First, in order to be useful, especially for time series analysis, it has to be consistent. For now, the data in Movement goes back to 2015, but not earlier.  Future data availability hinges in part on the company’s continued existence, but another risk is that methodology changes and “series breaks” may make it difficult to track change accurately over time. Much as we appreciate Uber’s civic mindedness in sharing this data, we’re also aware of how vulnerable this makes us. For several years, Inrix–another major provider of real time travel data,similarly derived from vehicle based GPS measurements–published monthly data on travel times in major US markets. But then abruptly in 2014, the company simply discontinued publication of its city-level data. Since then, the company has produced a series of reports decrying the congestion problem, but not presenting data that was consistent with its early methodologies, making it impossible to independently verify its claims. There’s little doubt that the performance data generated by Uber and other ride-hailing companies will be central to public policy debates about transportation and the impact of ride-hailing; we hope they’ll be willing to provide this data on an ongoing basis in an open format, using consistent methodologies.
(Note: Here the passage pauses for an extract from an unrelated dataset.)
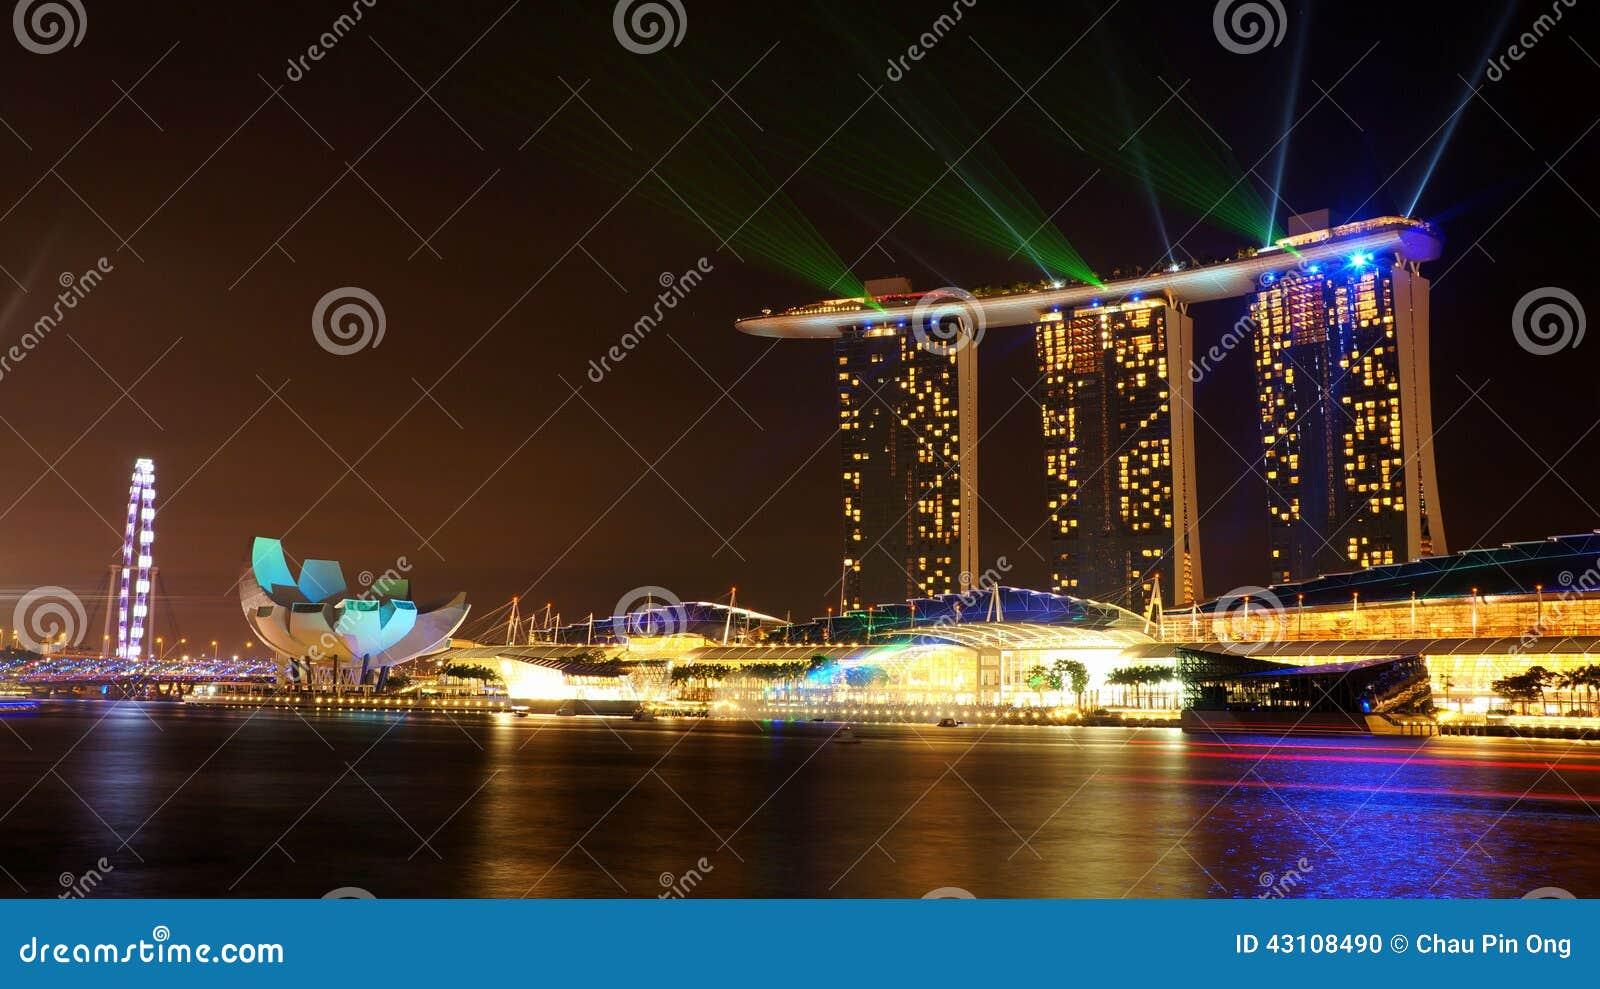 Marina Bay Sands Hotel 02 Stock Photo Image 43108490

Second, and relatedly, the definitions and methodologies used to produce the data need to be as transparent as possible, allowing for appropriate concerns about customer privacy and the competitive value of this data. In our beta testing of Movement, Uber did a terrific job of answering our questions. You can download the data from their website for use in other programs, and as noted above, the site reports the range of observed travel times, as well as averages, so that users can get a sense of the variance in travel times as well. All these details make the data more useful for meaningful analysis.

How do I get access to the data?

Access to Uber’s momentum data is available to anyone with a free Uber account. If you already have an account, navigate to movement.uber.com.

Editors note: Uber provided City Observatory with the opportunity to be a beta tester of the Movement data and interface. City Observatory was not compensated for this testing.